- Birth name: Gaye Black
- Born: 25 August 1956 (age 68) Bideford, Devon, England
- Genres: Punk rock
- Occupation: Musician
- Instrument: Bass guitar
- Years active: 1976–1979
- Labels: Stiff
- Formerly of: The Adverts

= Gaye Advert =

Gaye Black (born 25 August 1956), known professionally as Gaye Advert, is an English punk rock musician, best known for being the bassist in The Adverts in the late 1970s. She was one of the first female rock stars of the punk rock movement, whom The Virgin Encyclopedia of 70s Music called the "first female punk star." She was "one of punk's first female icons". Dave Thompson wrote that her "photogenic" looks, "panda-eye make-up and omnipresent leather jacket defined the face of female punkdom until well into the next decade."

==Life and career==
Gaye Black was born on 25 August 1956, in Bideford, a small coastal town in North Devon. She started playing bass in her room to pass the time, chosen as it was her favourite instrument, and was taught by future bandmate T.V Smith.

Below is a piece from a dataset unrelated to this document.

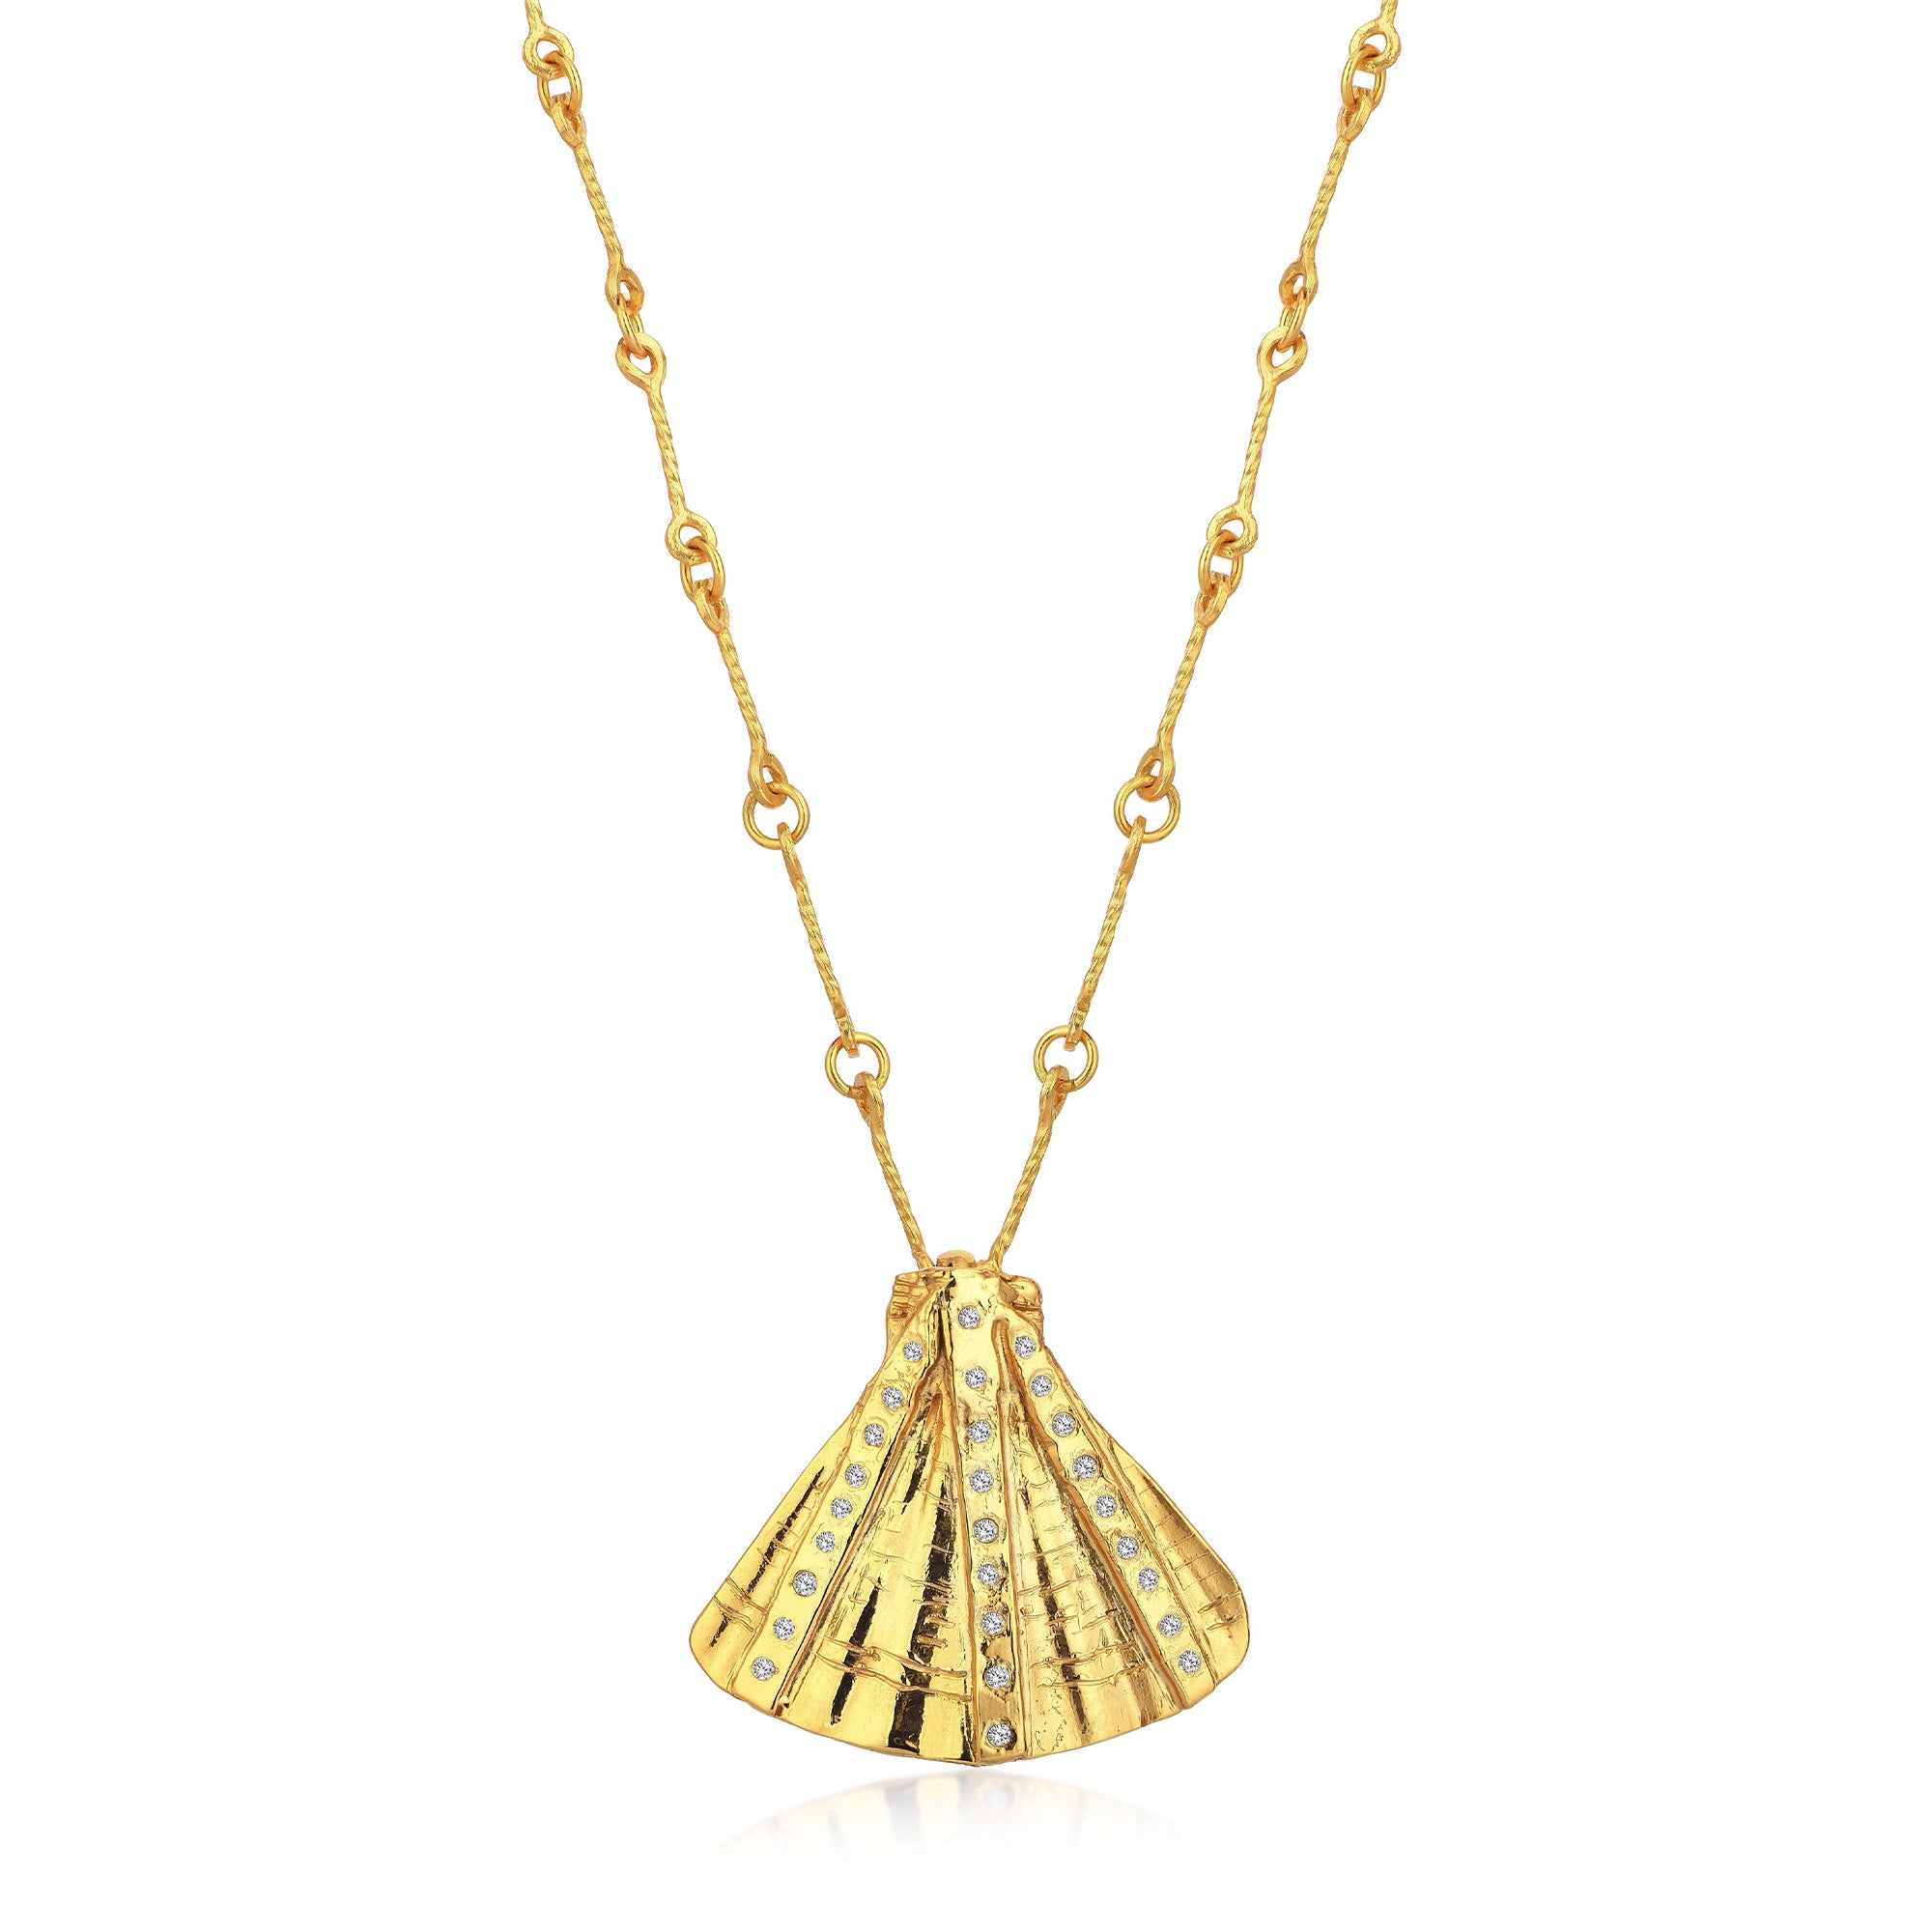 THE OSTERA NECKLACE
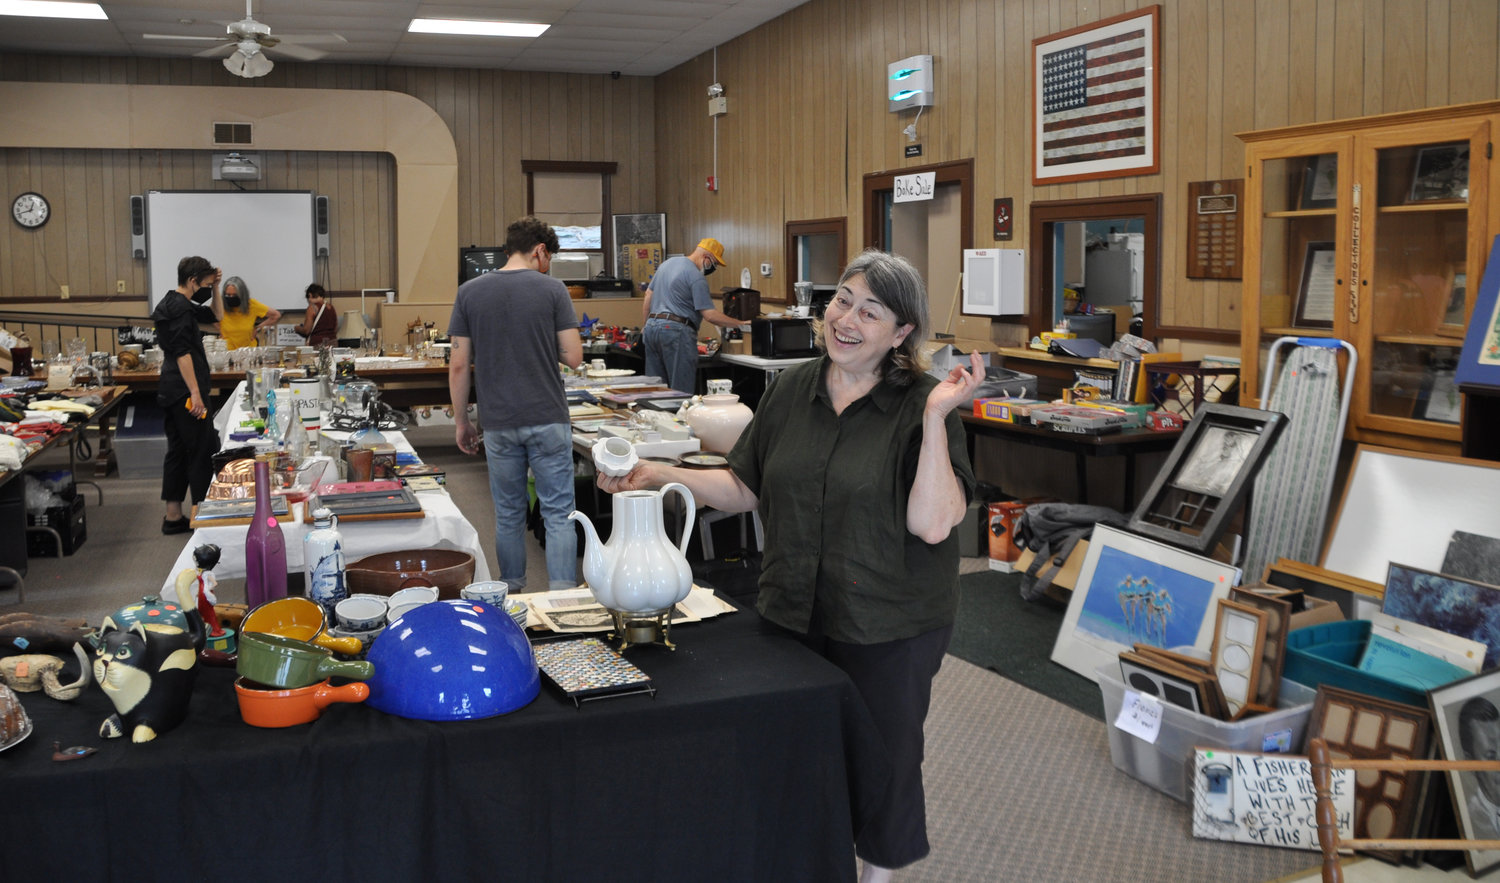 Sunshine Hall Library board member Leslie Rutkin lit up the Town Hall with her "happy face" at the Treasure and Trinket sale held in Eldred, NY last weekend benefiting the library

Advert had done three years at art college and was reading about punk in the music papers when she decided in 1976 to go and see for herself. After she finished college, qualifying in graphic design, Advert and Smith moved to London due to a lack of jobs and other opportunities in Devon. The two later recruited guitarist Howard Pickup who worked at a rehearsal studio. After trying to find a drummer for a while, they met Laurie Driver, who had never played drums before, but offered to join the band. Advert later married Smith.

After the demise of the Adverts in 1979 due to public media attention, the record deal coming to an end, the death of their manager and turmoil amongst members, Advert stopped playing bass and disappeared from the British punk scene. She has said that she was "a bit disillusioned and worn out," and felt picked on by the press, calling them "pretty sexist - they really sort of pick on you, and go: ‘Ooh, you’re a woman!’. But I just wanted to be a musician. I just wore my normal clothes, my jeans pretty much." She then took up a career as a homecare manager in social services. After 17 years there, many employees including herself were made redundant. She retired and went back to making art. She recounted her experiences of being in the band in an interview for Zillah Minx's 2010 film She's a Punk Rocker UK.

Advert no longer plays bass due to arthritis in her thumbs and does not see a possibility in a reunion. She continues to create art, often in the medium of stained glass, and began to exhibit her work in 2008. She describes her art as "dark, a bit creepy, grotesque in places but with contrasts."